Defendant has not demonstrated either a reasonable excuse for the default or the existence of any meritorious defenses. The record is abundantly clear that Defendant was given ample leeway and direction by the court and nonetheless failed to repeatedly appear and failed to file an Answer to the Amended Complaint.
As previously stated by Justice Borrok,
As an initial matter, the court notes that Mr. Rosenbloom does not dispute liability, he does not deny any of the facts concerning the defendants' default in this case, he does not deny that he failed to file an answer to the complaint or retain counsel for NY57 despite having multiple opportunities to do so, or that he failed to appear for the preliminary conference, or that he failed to file an answer to the amended complaint or otherwise appear or move to dismiss. Significantly, he does not even deny that he owes Mr. De Zaio money for the Tiffany Submariner that somehow disappeared; he merely contends that Mr. De Zaio altered the receipt or produced a second receipt and disputes the actual market value of the watch without offering any supporting evidence. (NYSCEF Doc. No. 78).
Accordingly, Defendant's motion to vacate the default judgment is denied and Defendants' motion to dismiss Amended Complaint does not need to be addressed.
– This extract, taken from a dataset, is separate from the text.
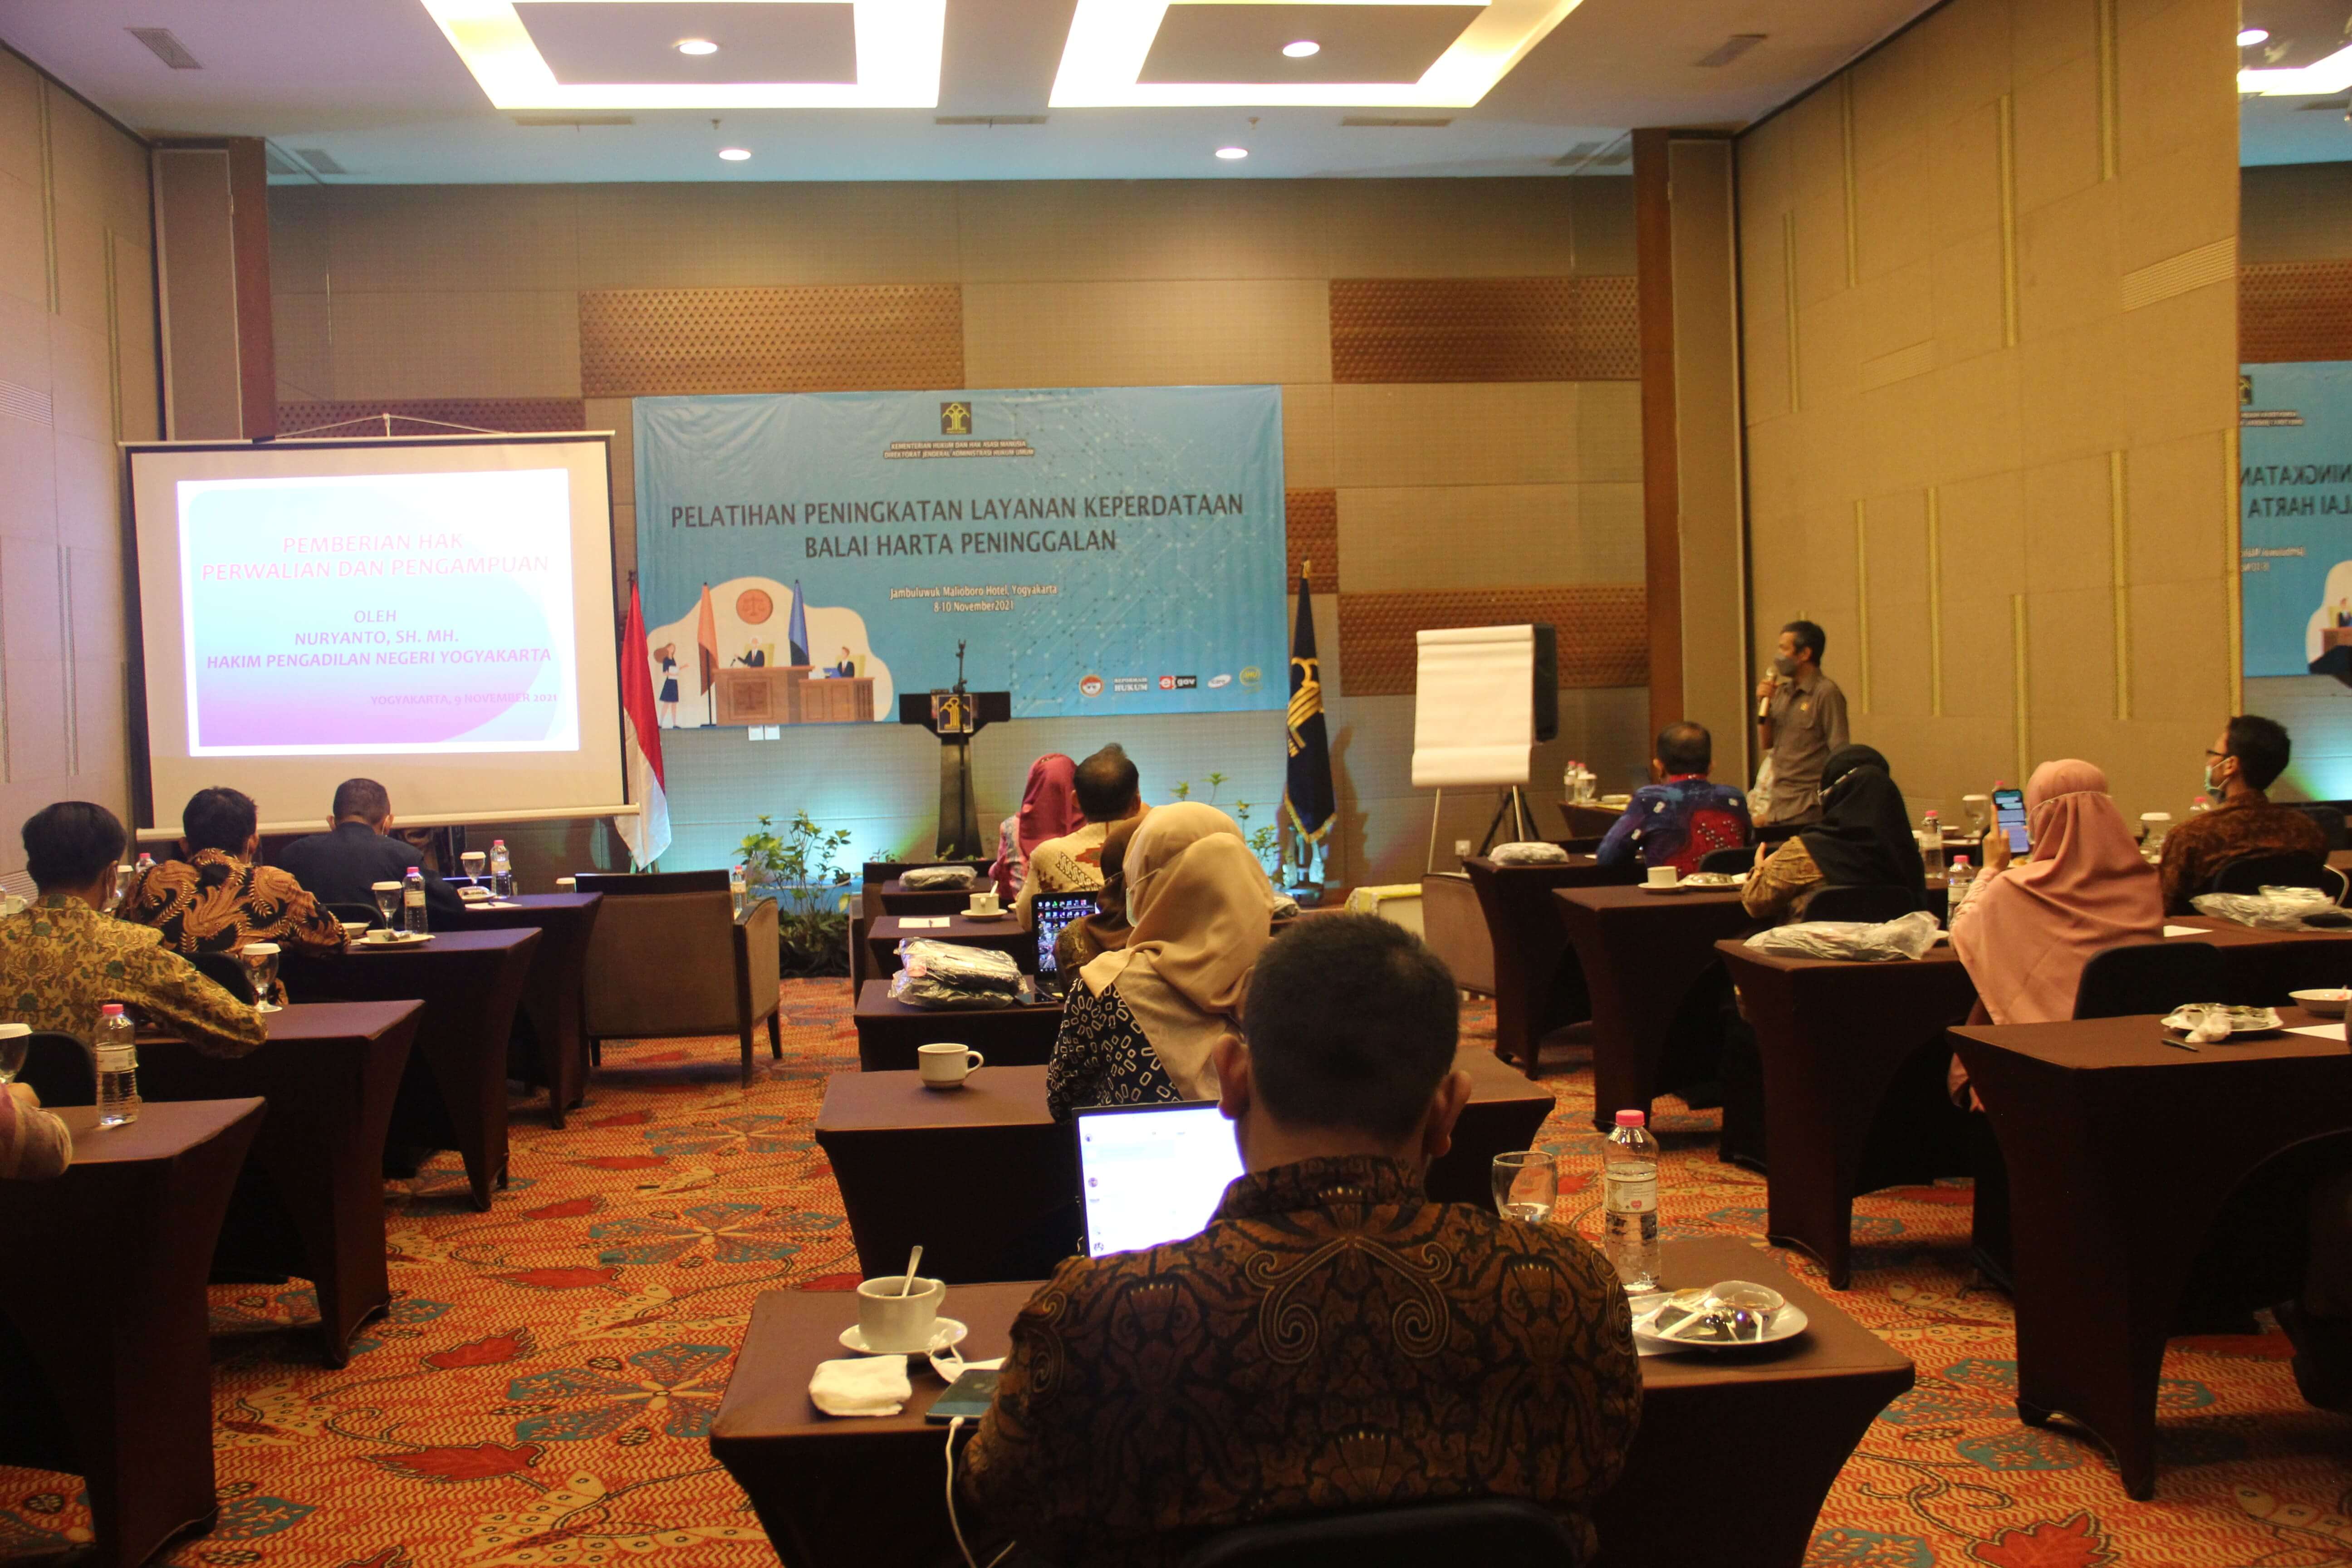 Hakim Pengadilan Negeri Yogyakarta Menghadiri Pelatihan Peningkatan Layanan Keperdataan Balai Harta Peninggalan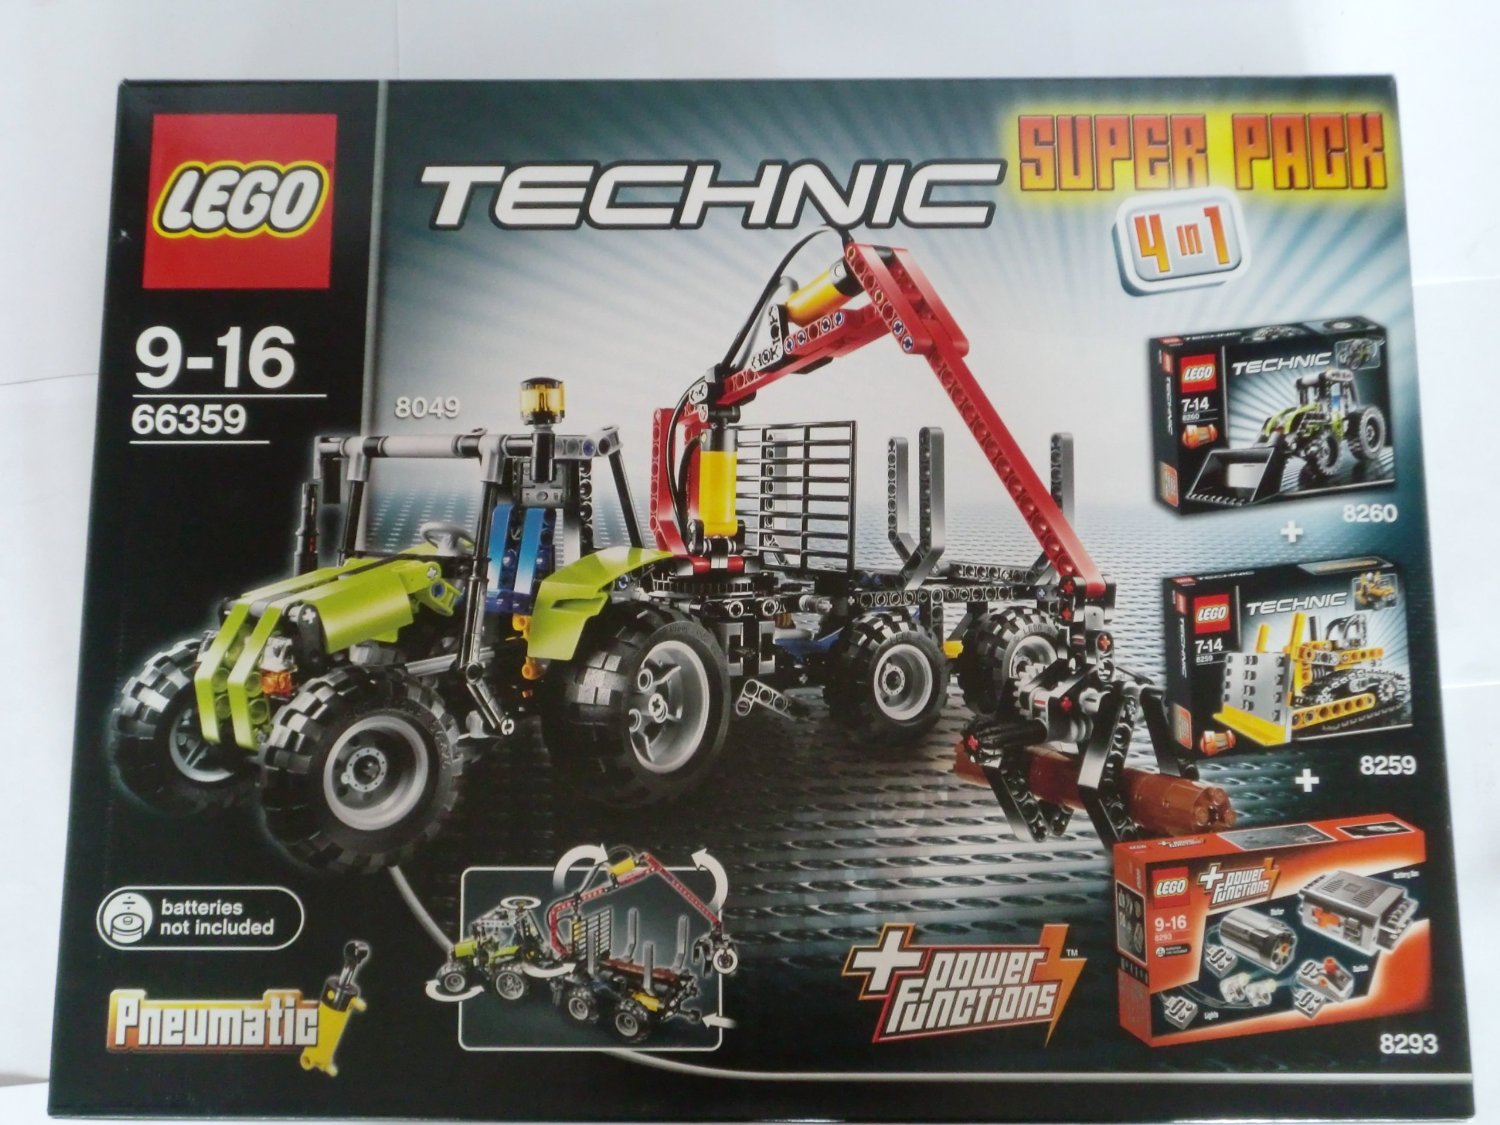 66359 - Technic Super Pack 4 in 1 (8049, 8259, 8260)

Plaintiffs Cross Motion for Sanctions
The remedy of sanctions is to be one reserved for situations of "extreme behavior" (Hunts Point Term. Produce Coop. Ass 'n v New York City Econ. Dev. Corp., 54 A.D.3d 296, 296 [1st Dept 2008]). Indeed, in order to avoid a chilling effect, even arguments "lacking in legal merit" must have something even more "egregious" in order to rise to the level of frivolous conduct warranting sanctions (see Parametric Capital Mgmt., LLC v Lacher, 26 A.D.3d 175, 175 [1st Dept 2006]). Sanctions must "not be imposed in such a manner as to restrict ultimately unpersuasive, yet good-faith, arguments" (Levy v Carol Mgmt. Corp., 260 A.D.2d 27, 35 [1st Dept 1999]). In evaluating frivolousness, a "court must consider the circumstances under which the conduct took place and whether or not the conduct was continued when its lack of legal or factual basis was apparent or should have been apparent" (Matter of Kover, 134 A.D.3d 64, 74 [1st Dept 2015]). Plaintiffs cross motion for sanctions is denied.
It is hereby,
ORDERED that defendant's motion to vacate its default herein is denied and the matter shall be set down for an assessment of damages; and it is further
ORDERED that plaintiffs cross motion for sanctions is denied; and it is farther
ORDERED that, upon the filing by the plaintiff with the General Clerk's Office (60 Centre Street, Room 119) of a copy of this order with notice of entry and a note of issue, and the payment of the fee therefor, the Clerk shall place this matter upon the trial calendar for an assessment of damages; and it is further
ORDERED that such filing with the Clerk of the General Clerk's Office shall be made in accordance with the procedures set forth in the Protocol on Courthouse and County Clerk Procedures for Electronically Filed Cases (accessible at the "E-Filing" page on the court's website at the address www.nvcourts.gov/supctmanh)].